А оборванная пушкинская цитата «Слава — яркая заплата…» («на ветхом рубище певца») оборачивается то зарплатой, то бокалом шампанского, то просто словом, уходящим во сне, «вроде рюмки алкоголя, вроде флоксов на столе, вроде ветра в чистом поле, в вологодском феврале» («Я шагал с эпохой в ногу…», начало 90-х гг.). Или, начав стихотворение с патетического заявления «Как я завидую великим!», автор далее иронизирует над собой, сравнив себя с «полупьяным котом учёным», и посмеивается над Пушкиным: «Ах Пушкин, ах обманщик ловкий! / Не поддаются дрессировке / коты» («Как я завидую великим!», 90-е гг.).
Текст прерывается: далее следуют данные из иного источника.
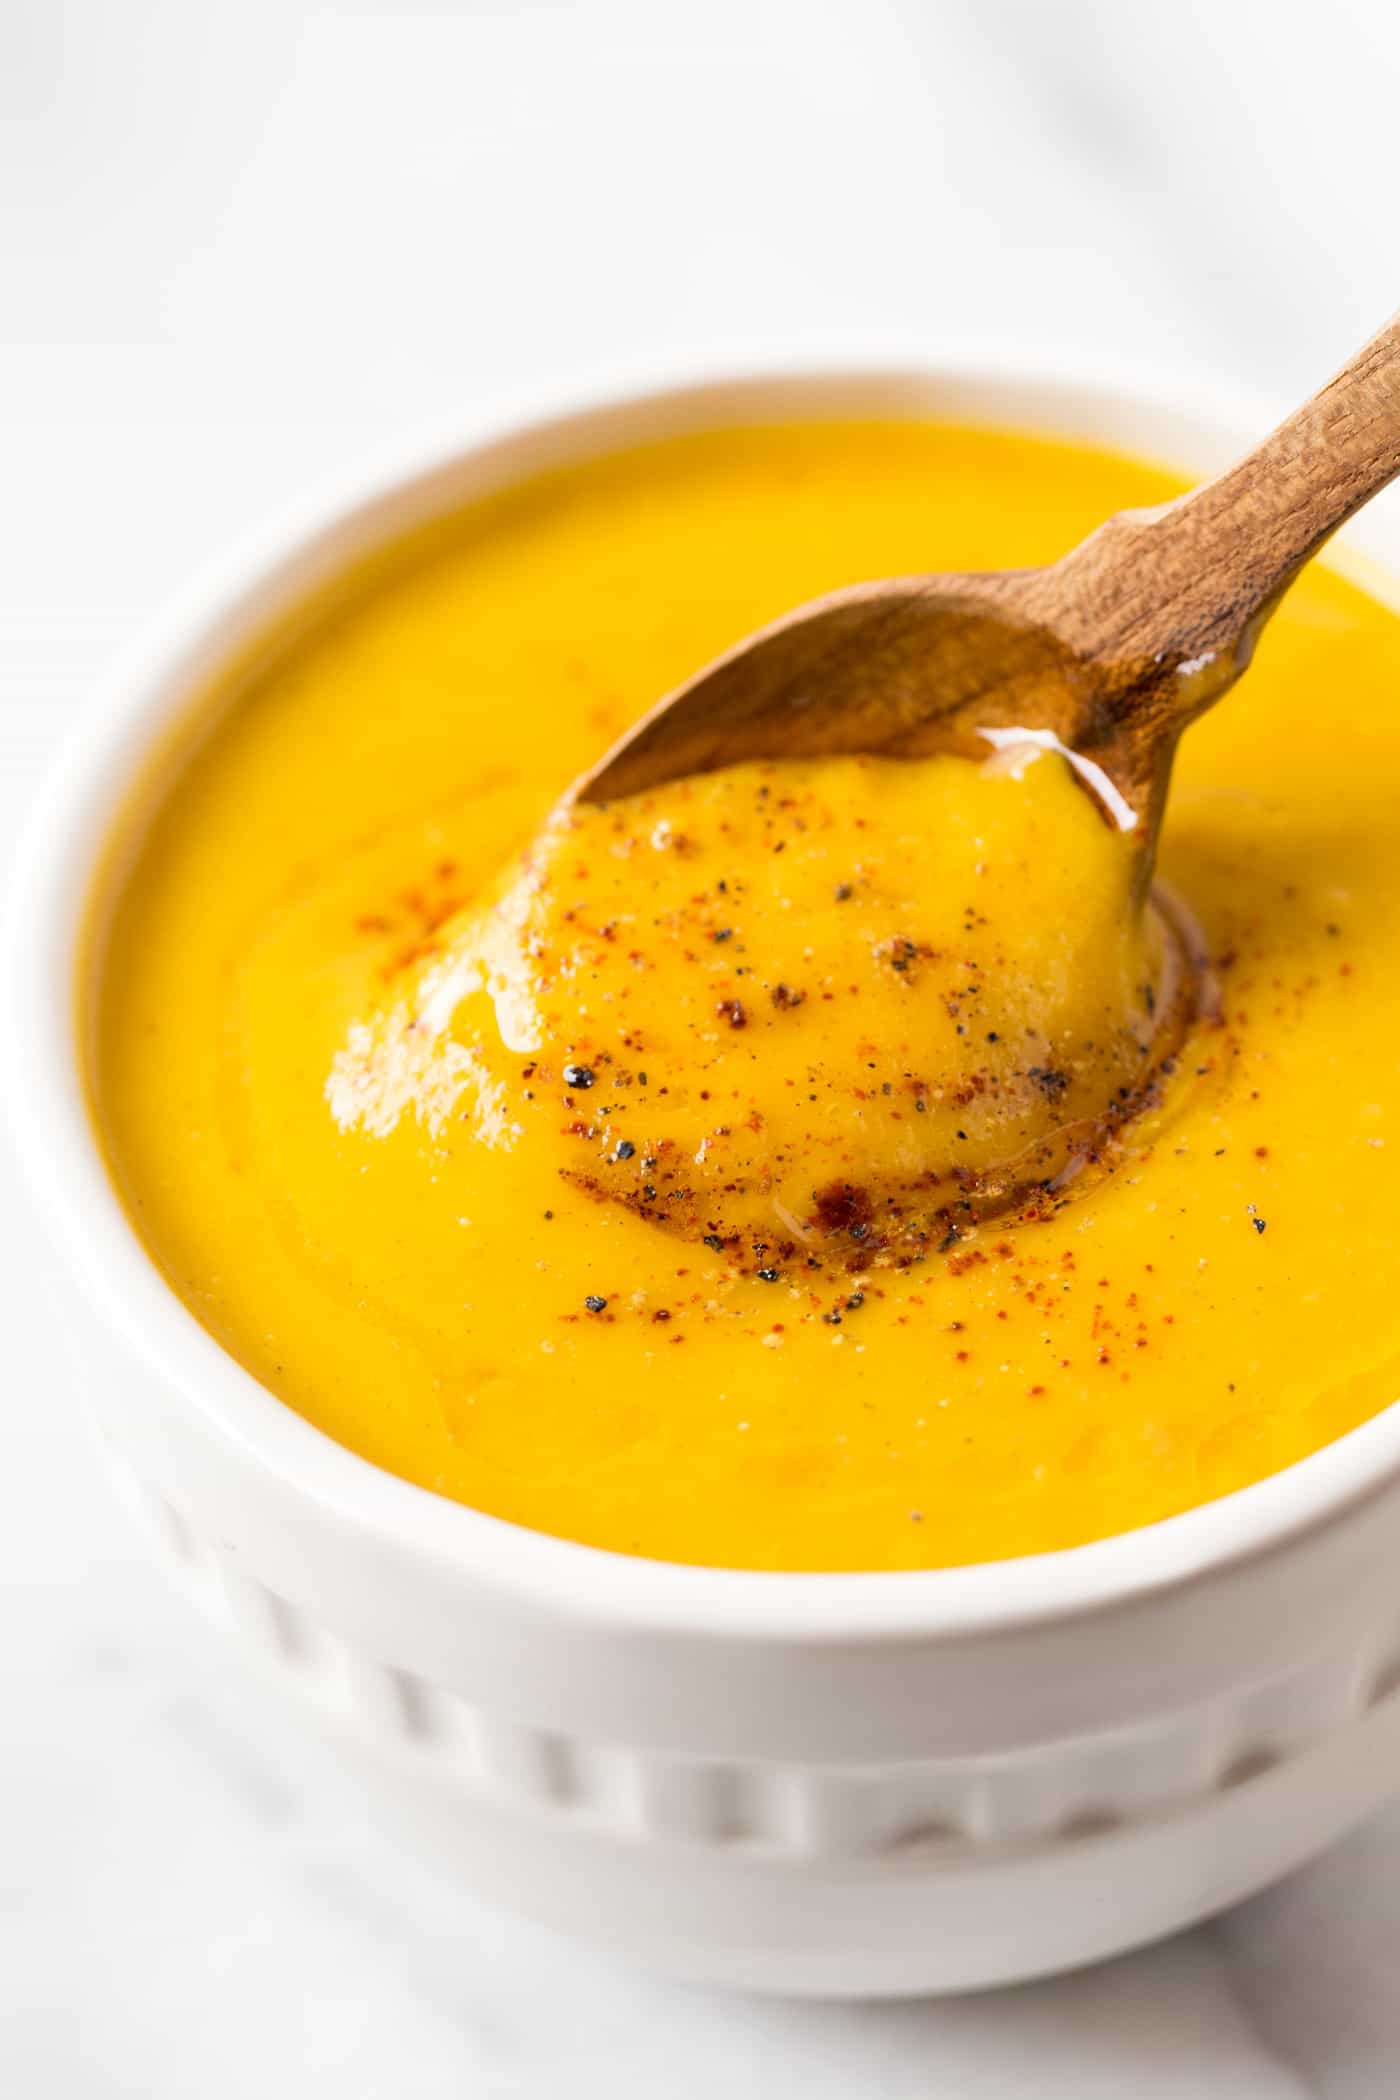 A spoon dipping into a bowl of squash soup topped with pepper and olive oil

И вдруг признаётся, что тщится переписать свою «утлую жизнь» по Пушкину или Толстому («Мой заплаканный, право, неважно…»).

Иногда цитирует те же пушкинские стихи и Н. Горбаневская, но чаще вспоминает другие строки: «берег, милый для меня», «на мой закат печальный», «и горько слёзы лью», «светла адмиралтейская игла», «русский от побед отвык», «не печалься, всё пройдёт». Как и Кенжеев, точному цитированию она предпочитает реминисценции, переделки, аллюзии: «В начале жизни помню детский сад» (вместо «школу помню я»), «Там на неведомых дорожках серебра / Свисают паруса и сохнут вёсла», «И кормщик погиб, и пловец, а певец — это ты или кто-то?»; «И узелок заплатанных платков / Повешен на воротах Цареграда», «среди беготни устойчивой мышей». А вот как неузнаваемо преображен эпиграф к 1-ой главе «Евгения Онегина» из Вяземского «И жить торопится, и чувствовать спешит» — «и жить не хочется, и чувствовать не стоит».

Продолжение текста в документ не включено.